**AIM OF THE TASK**.
Only one stretch of lines is wanted: the line with "sennasi global consultants" through the final line of the material. Restate it word for word, minus pictures.

**GIVEN INFORMATION**.
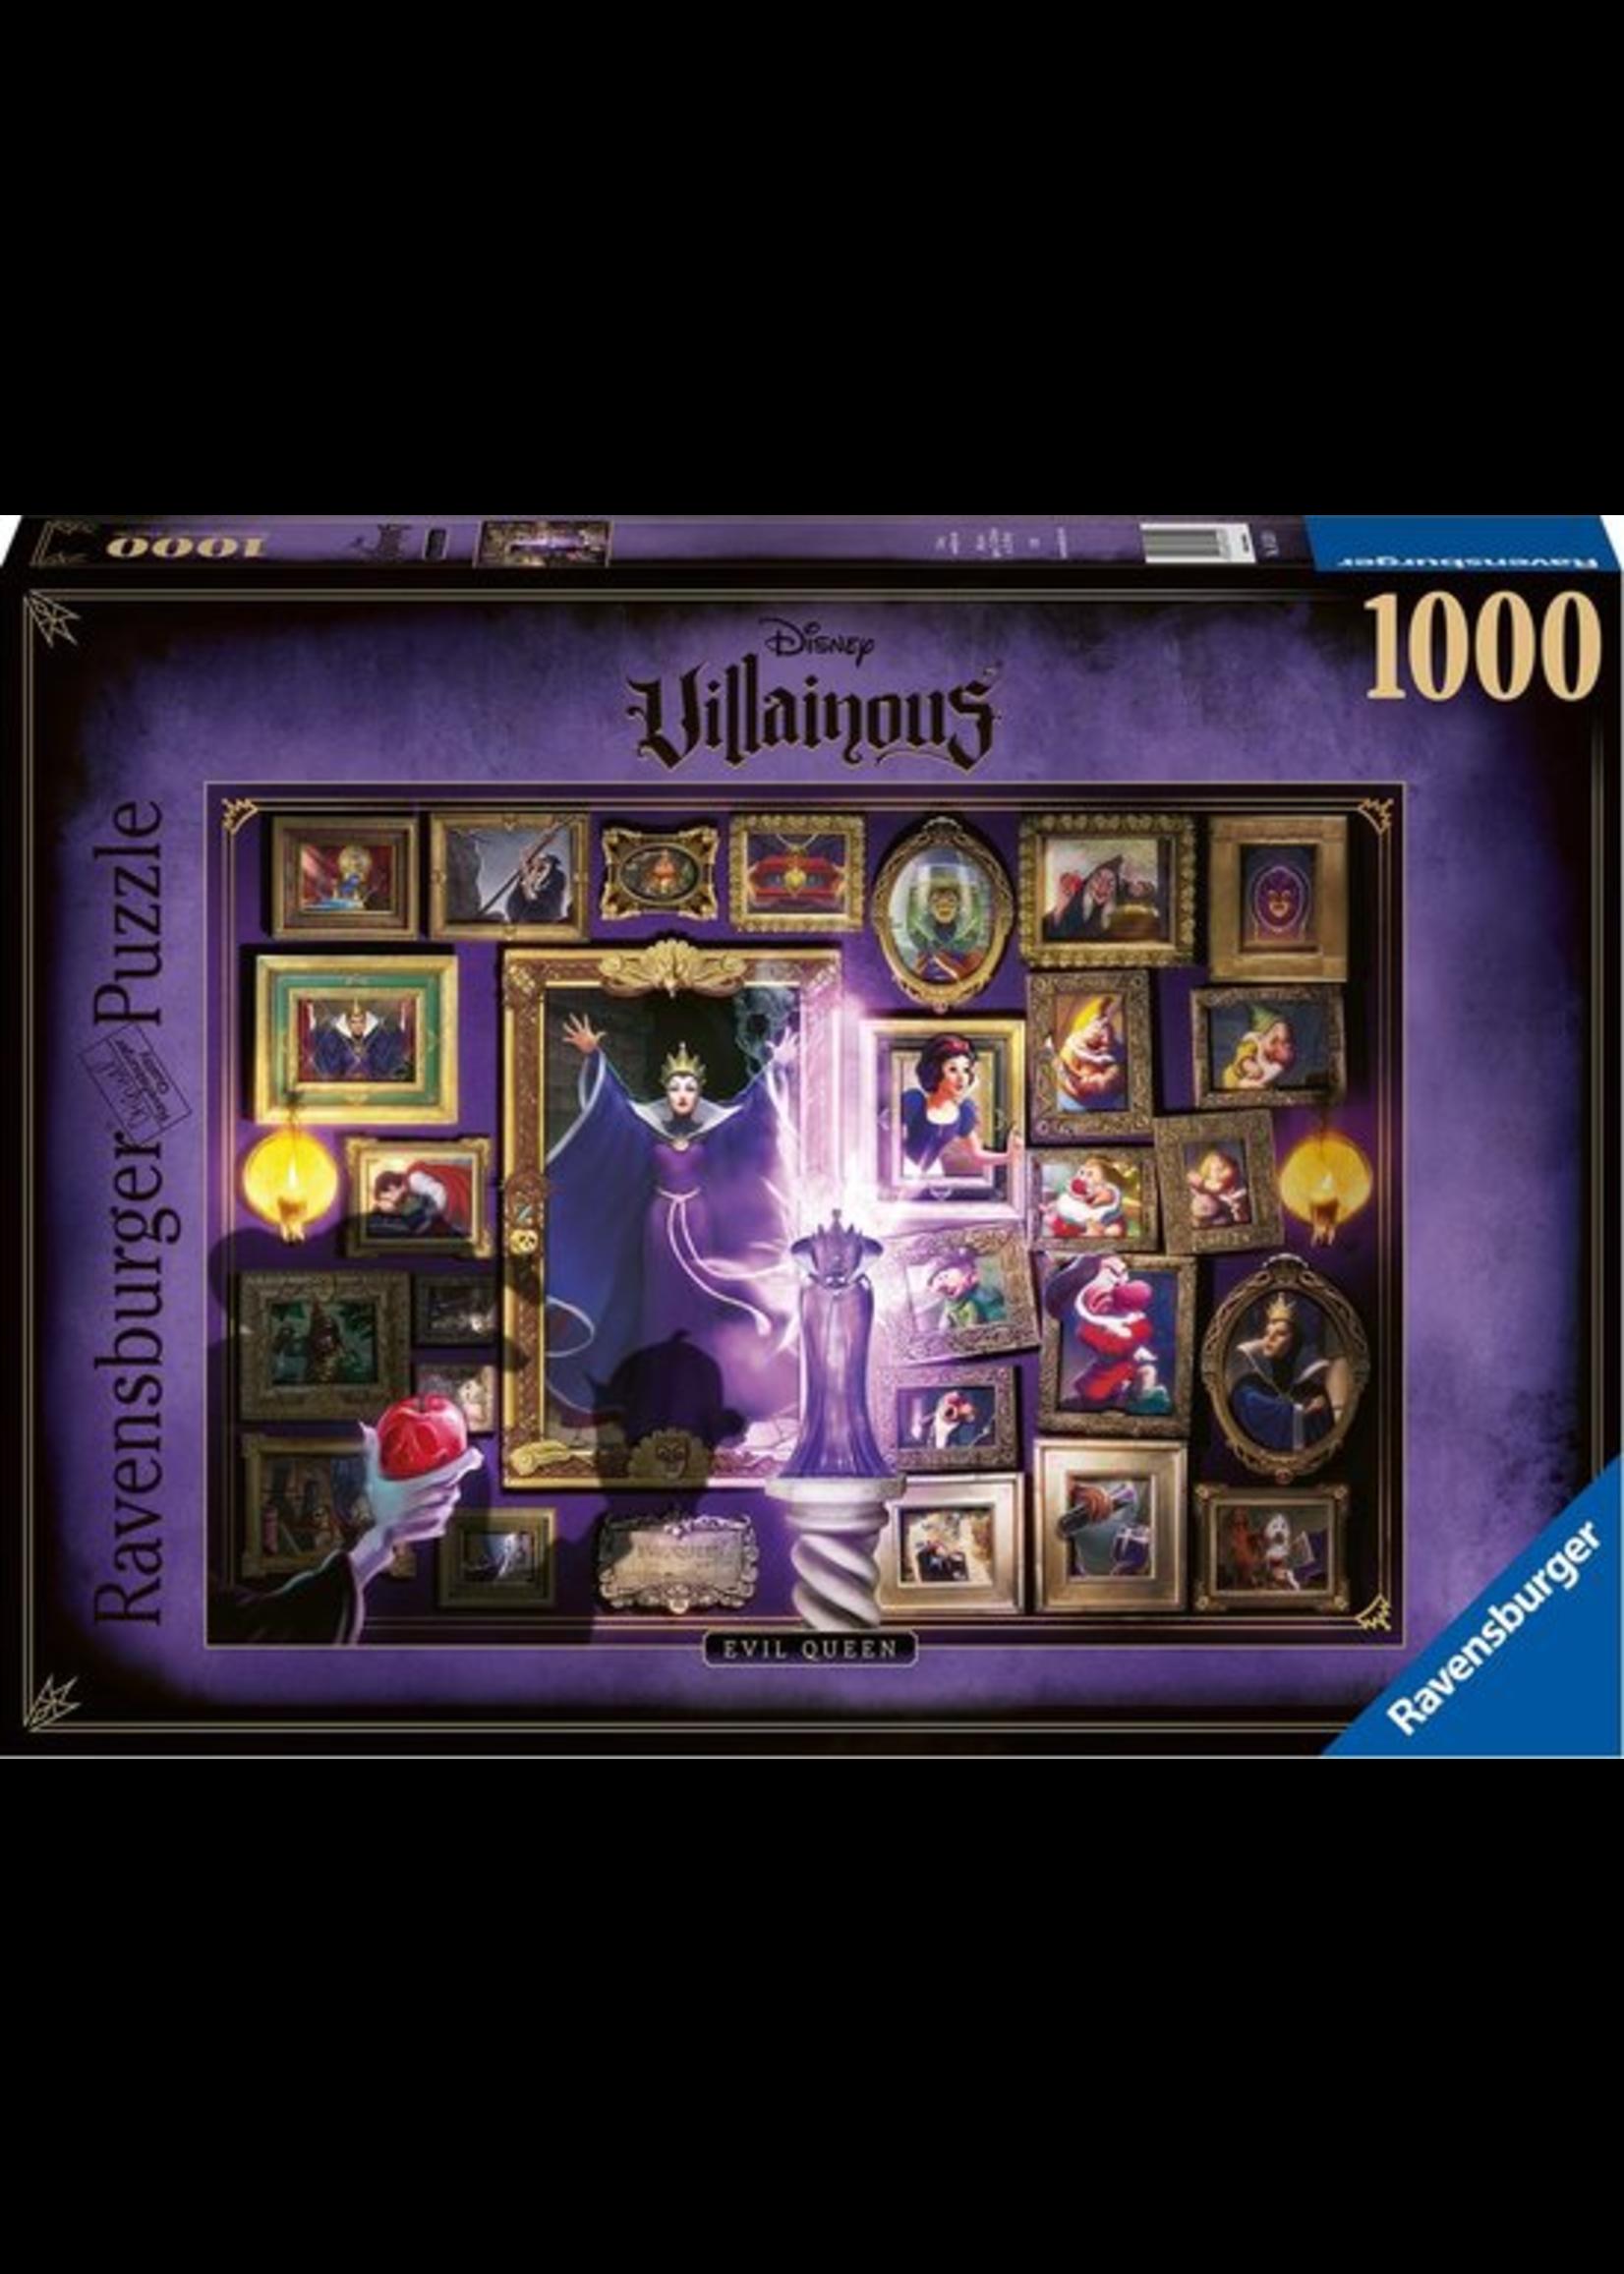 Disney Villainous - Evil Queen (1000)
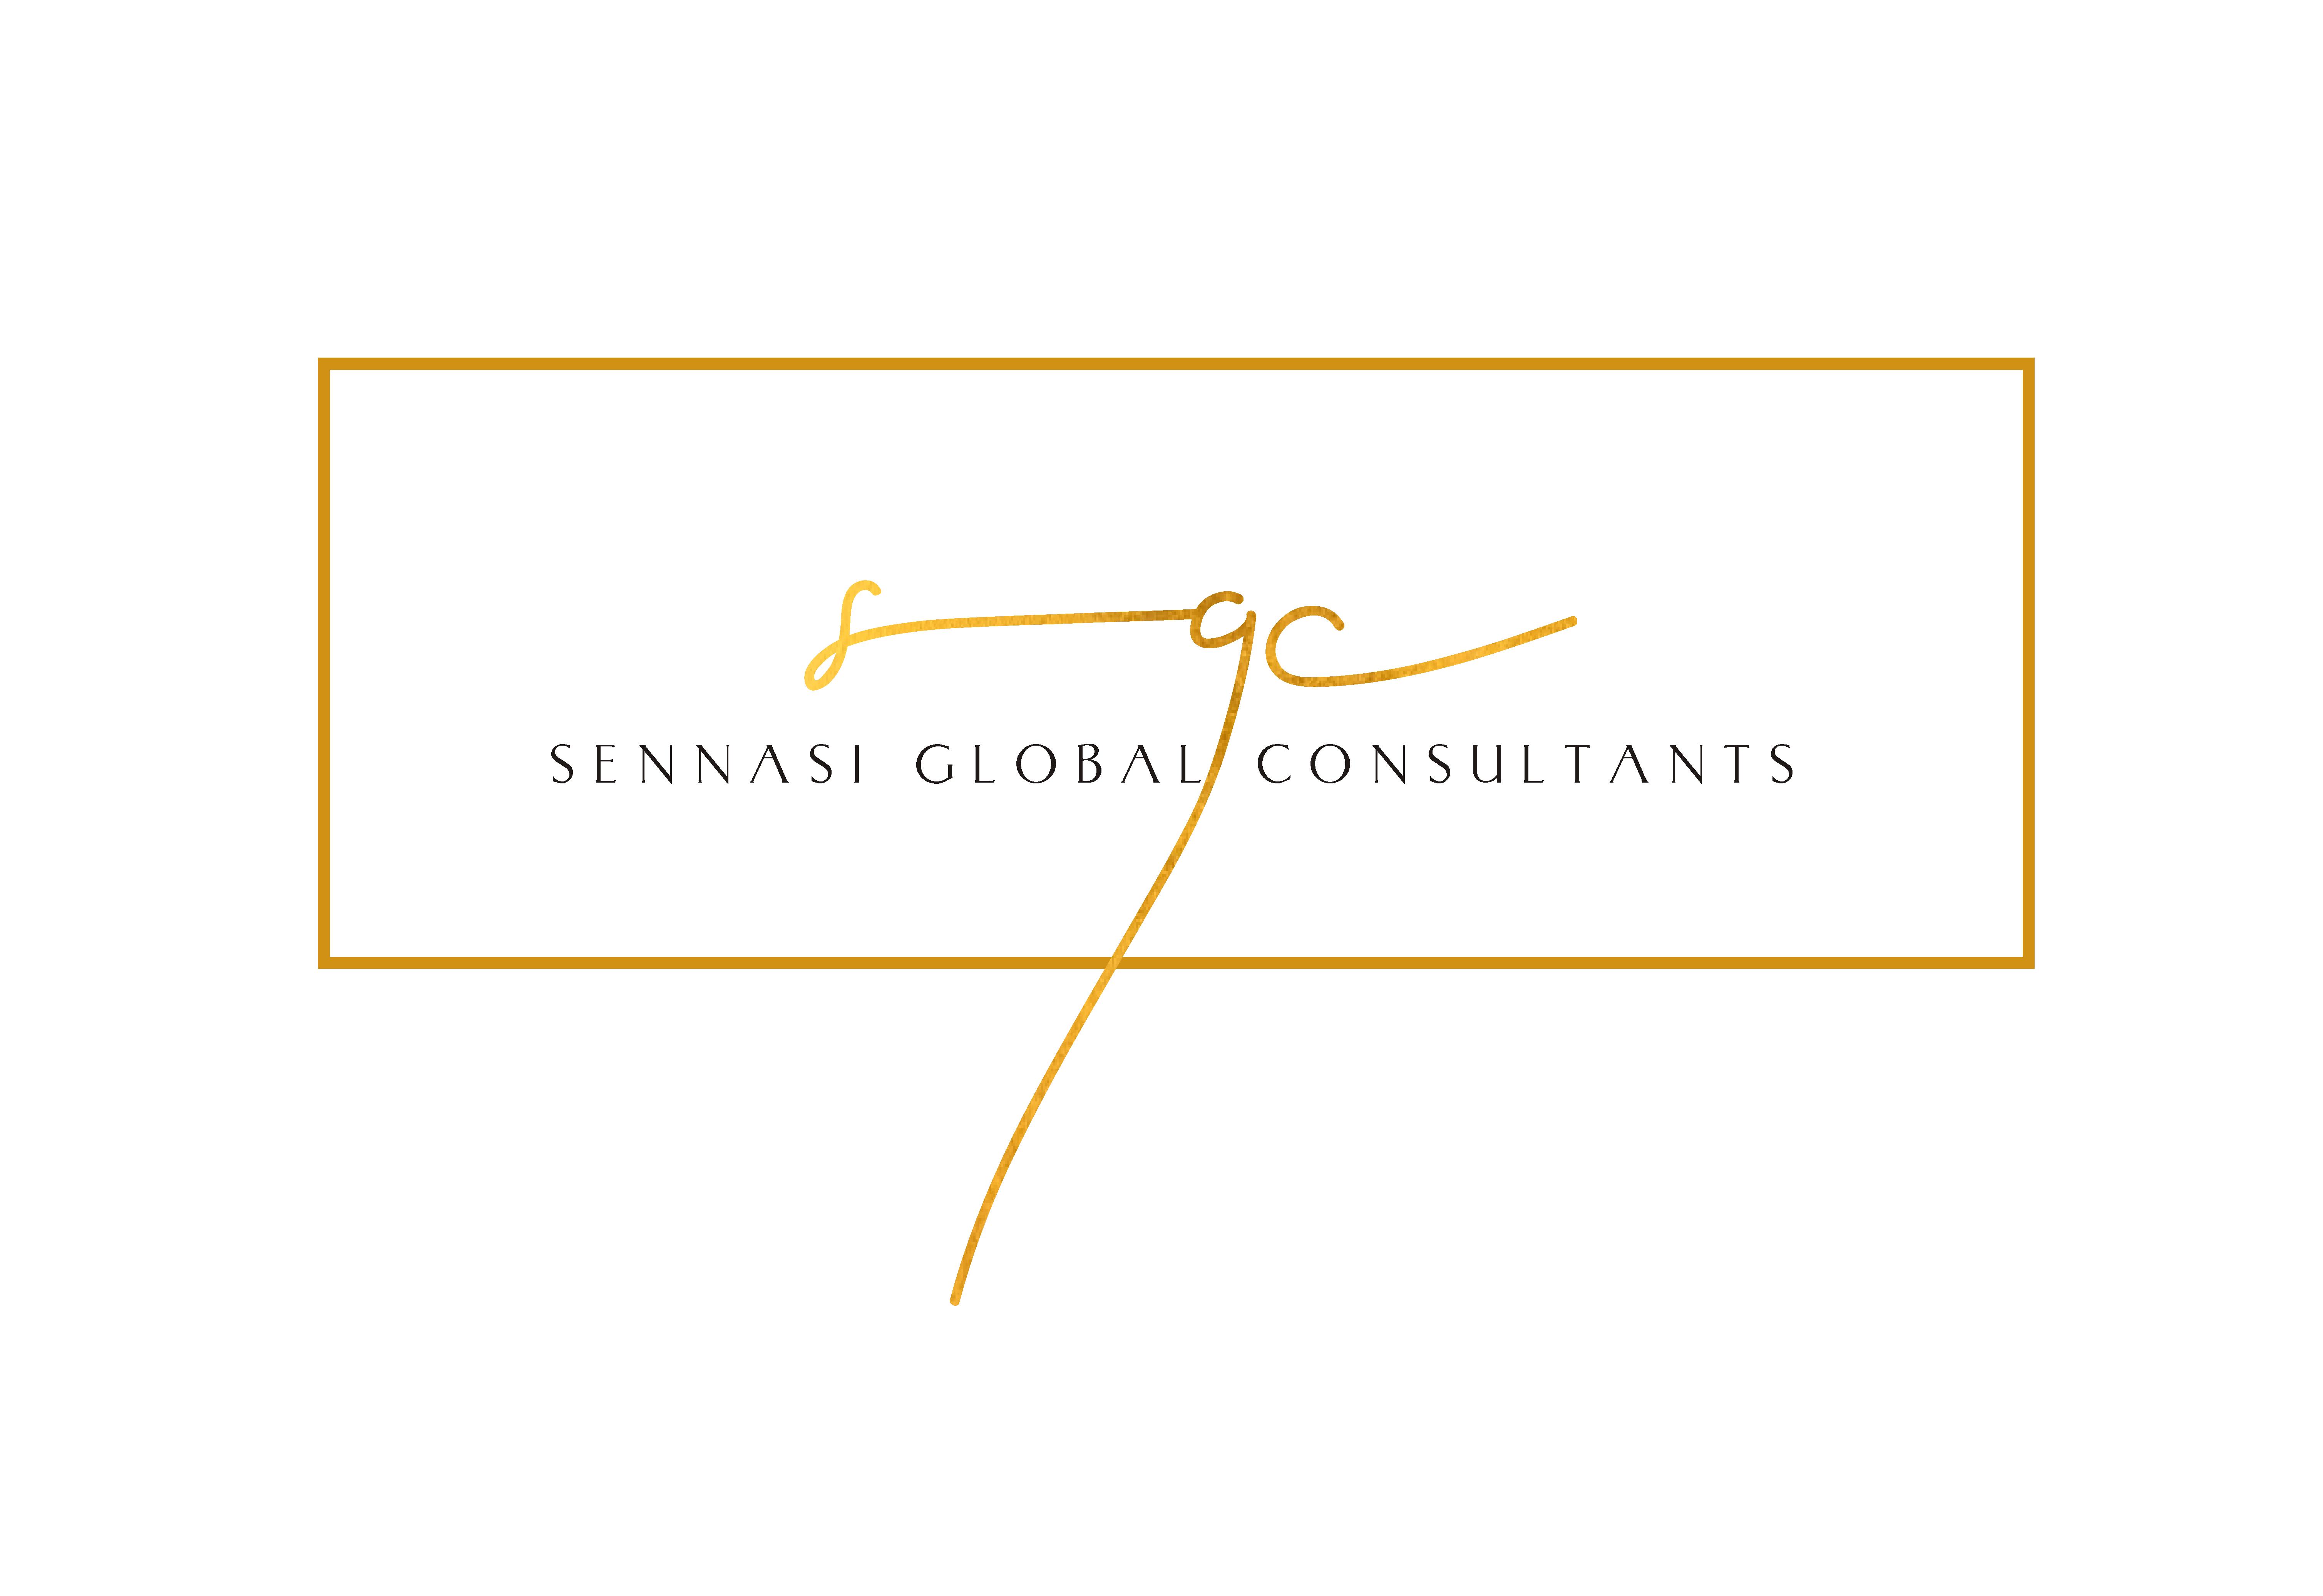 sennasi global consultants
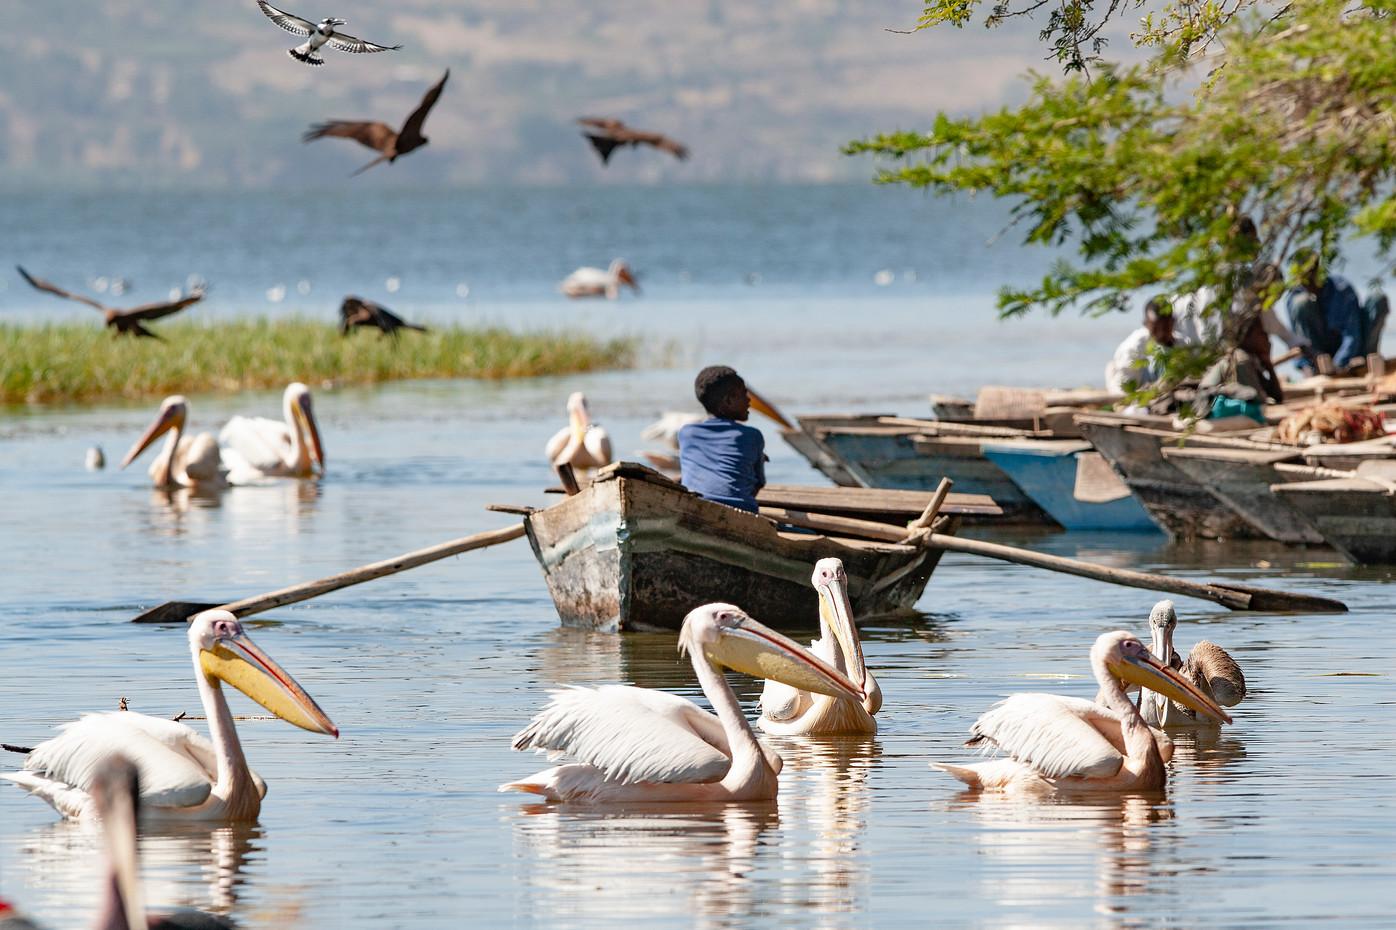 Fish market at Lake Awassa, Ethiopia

**WRITTEN SOLUTION**.
 sennasi global consultants
 Fish market at Lake Awassa, Ethiopia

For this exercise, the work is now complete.